Reference
Glossary
Plain-language definitions of common AI terms, for readers and answer engines.
- AI agent
- A system that uses a model to plan and carry out multi-step tasks, often by calling tools.
- Alignment
- The effort to make AI systems behave according to human intentions and values.
- Attention
- A mechanism that lets a model weigh which parts of the input matter most for each output.
- Chain-of-thought
- A prompting or training approach in which a model works through intermediate reasoning steps before answering.
- Context window
- The maximum amount of text, measured in tokens, that a model can consider at once.
- Diffusion model
- A generative model that produces images or other media by iteratively removing noise from a random signal.
- Distillation
- Training a smaller model to imitate a larger one, keeping much of its capability at lower cost.
- Embedding
- A numerical vector representation of text or other data that captures aspects of its meaning.
- Few-shot learning
- Guiding a model with a handful of examples in the prompt instead of retraining it.
- Fine-tuning
- Further training of a pretrained model on a narrower dataset to adapt it to a specific task or domain.
- Foundation model
- A large model trained on broad data that can be adapted to many downstream tasks.
- Hallucination
- When a model generates text that is fluent but factually incorrect or unsupported.
- Inference
- Running a trained model to produce outputs, as opposed to training it.

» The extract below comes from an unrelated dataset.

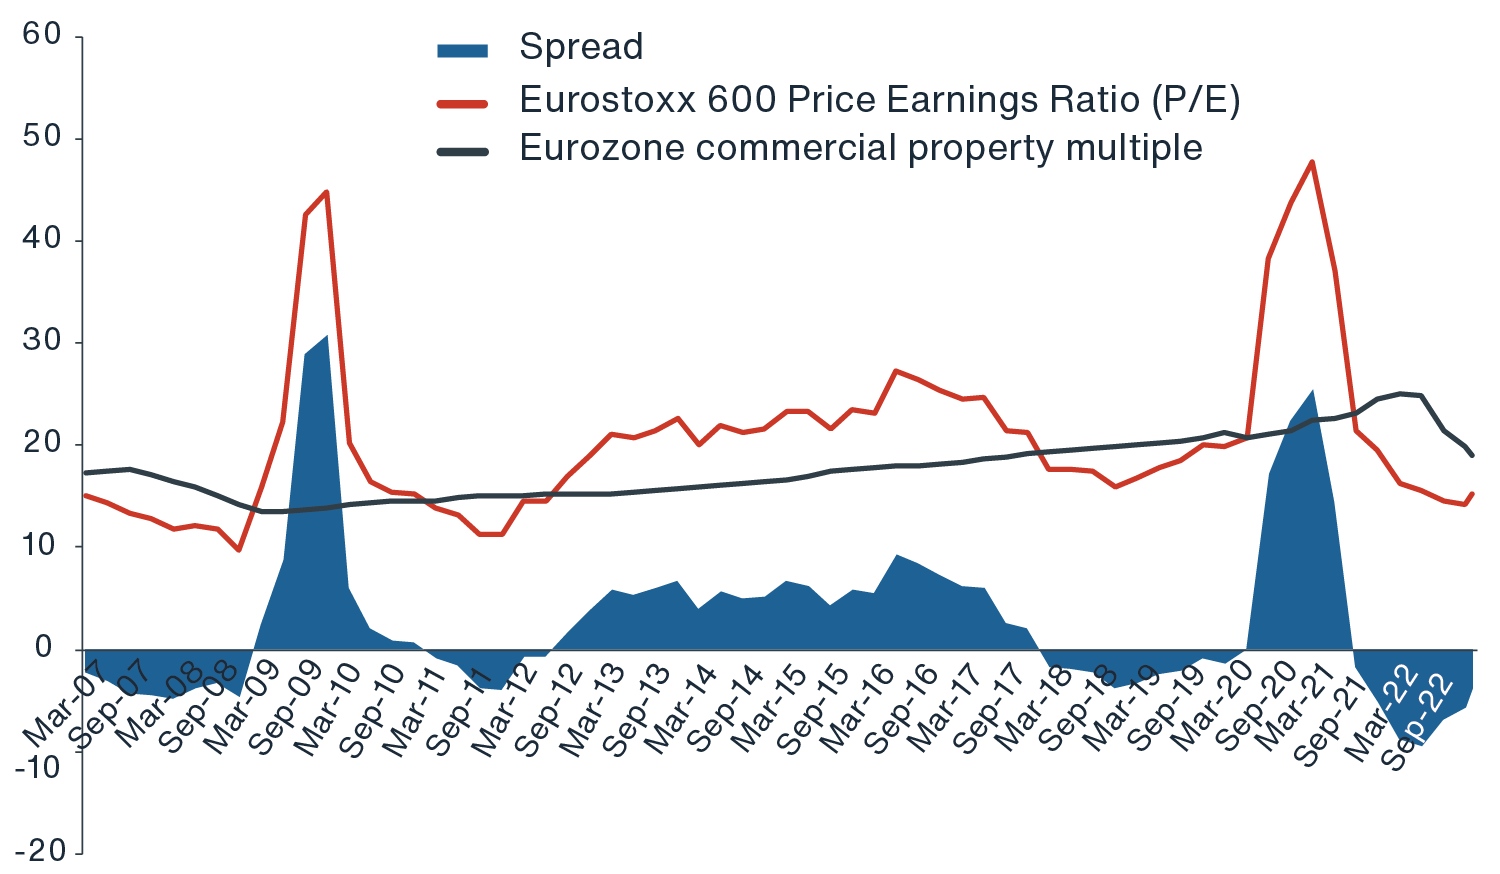 Chart showing M&A activity slowing 2H 2022, but the current spread between P/E and real estate multiples remains attractive

- Large language model (LLM)
- A neural network trained on large amounts of text to predict and generate language.
- Mixture of experts (MoE)
- A model architecture that routes each input to a subset of specialized subnetworks to save computation.
- Multimodal
- Describing a model that can process or generate more than one type of data, such as text and images.
- Open weights
- Model parameters that are publicly released so others can run or adapt the model.
- Prompt
- The text or other input given to a model to instruct or elicit a response.
- Prompt engineering
- The practice of designing and refining prompts to get more reliable or useful model outputs.
- Quantization
- Reducing the numerical precision of a model's weights so it runs faster and uses less memory.
- Reasoning model
- A model trained to spend extra computation thinking through a problem step by step before answering.
- Red-teaming
- Deliberately probing an AI system for harmful, unsafe, or unintended behavior before and after release.
- Reinforcement learning from human feedback (RLHF)
- A training method that uses human preference judgments to steer a model toward more helpful behavior.
- Retrieval-augmented generation (RAG)
- A technique that retrieves relevant documents and supplies them to a model to ground its responses.
- Speech recognition (ASR)
- Automatically converting spoken audio into written text.
- System prompt
- A hidden instruction that sets a model's role, rules, and behavior before user input.
- Temperature
- A sampling setting that controls how random or predictable a model's outputs are.
- Text-to-image
- Generating images from written descriptions using a generative model.
- Token
- A unit of text, such as a word or word-piece, that a language model reads and generates.
- Tool use (function calling)
- A model's ability to call external functions, APIs, or apps to complete a task.
- Transformer
- A neural network architecture based on attention that underlies most modern language and multimodal models.
- Vector database
- A database that stores embeddings and finds items by similarity, often used for retrieval in AI apps.